To wit: let's start with the spin-addition basis $|J, M\rangle$ where we have the $4$ states $|J=1, M=1\rangle$, $|J=1, M=0\rangle$, $|J=1, M=-1\rangle$ and $|J=0, M=0\rangle$, and we associate them with the basis column vectors in that order (that is $|J=1, M=1\rangle = (1, 0, 0, 0)^T$ etc.). Then $$\vec{S}^2 = \hbar^2\begin{pmatrix} 2 & 0 & 0 & 0 \\ 0 & 2 & 0 & 0 \\ 0 & 0 & 2 & 0 \\ 0 & 0 & 0 & 0 \end{pmatrix} $$ and $$S_z^2 = \hbar^2\begin{pmatrix} 1 & 0 & 0 & 0 \\ 0 & 0 & 0 & 0 \\ 0 & 0 & 1 & 0 \\ 0 & 0 & 0 & 0 \end{pmatrix} $$
Now we can work in the separated basis with the four basis states $|m_1=\hbar/2, m_2=\hbar/2\rangle$, $|m_1=\hbar/2, m_2=-\hbar/2\rangle$, $|m_1=-\hbar/2, m_2=\hbar/2\rangle$, $|m_1=\hbar/2, m_2=-\hbar/2\rangle$ and we associate them again with the basis column vectors in that order.

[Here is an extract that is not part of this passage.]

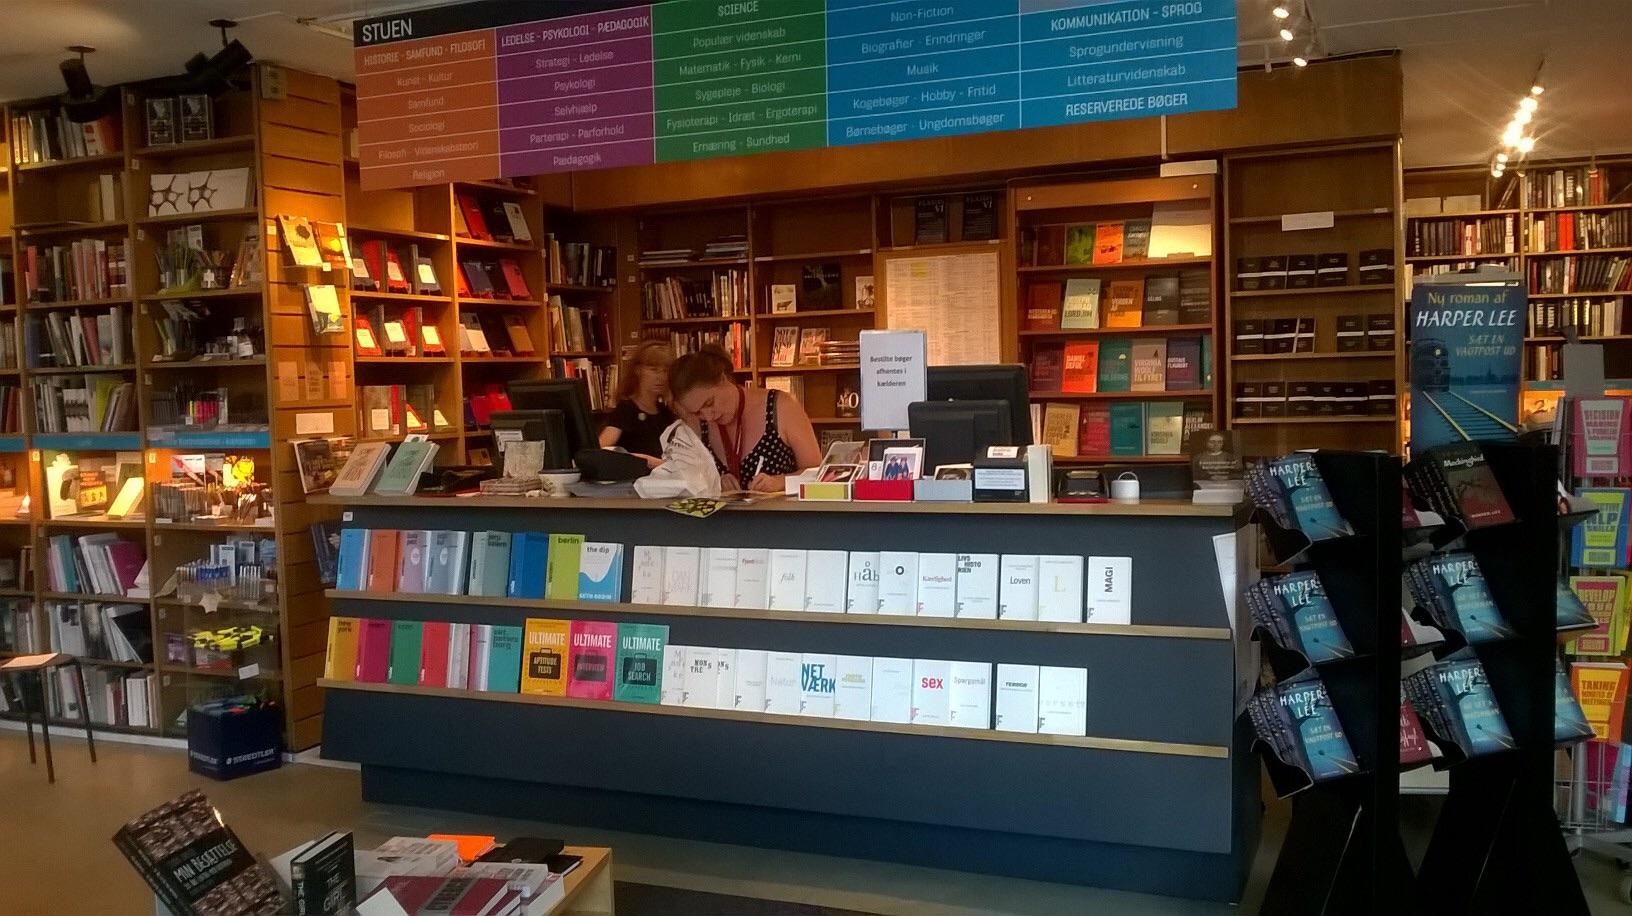 atheneum boghandel - disken

The matrix representation of $S_z^2$ is still diagonal $$S_z^2 = \hbar^2\begin{pmatrix} 1 & 0 & 0 & 0 \\ 0 & 0 & 0 & 0 \\ 0 & 0 & 0 & 0 \\ 0 & 0 & 0 & 1 \end{pmatrix} $$ but we get non-diagonal terms for the representation of $\vec{S}^2$. However calculating $\langle m_1, m_2 | \vec{S}^2 | m_1', m_2' \rangle$ is quite straight-forward, using CG. We have two states that can only have non-zero matrix elements with themselves (as they are also states in the momentum-added basis): $$ \langle m_1=\uparrow, m_2=\uparrow | \vec{S}^2 | m_1', m_2' \rangle = 2\hbar^2\delta_{m_1', \uparrow}\delta_{m_2',\uparrow}$$ $$ \langle m_1=\downarrow, m_2=\downarrow | \vec{S}^2 | m_1', m_2' \rangle = 2\hbar^2\delta_{m_1', \downarrow}\delta_{m_2',\downarrow}$$ and have a non-diagonal matrix elements when we look at the subspace associated with total $S_z = 0$: $$ \langle m_1=\uparrow, m_2=\downarrow | \vec{S}^2 | m_1=\uparrow, m_2=\downarrow \rangle = \langle m_1=\downarrow, m_2=\uparrow | \vec{S}^2 | m_1=\downarrow, m_2=\uparrow \rangle = \hbar^2$$ $$ \langle m_1=\hbar/2, m_2=\downarrow | \vec{S}^2 | m_1=\downarrow, m_2=\uparrow \rangle = \hbar^2$$ so we end up getting $$\vec{S}^2 = \hbar^2\begin{pmatrix} 2 & 0 & 0 & 0 \\ 0 & 1 & 1 & 0 \\ 0 & 1 & 1 & 0 \\ 0 & 0 & 0 & 2 \end{pmatrix} $$
You can now convince yourself that the two representations are related to one another by basis transformations, which is given exactly by the CG coefficients (which is not surprising - this is how we got the matrices in the first place).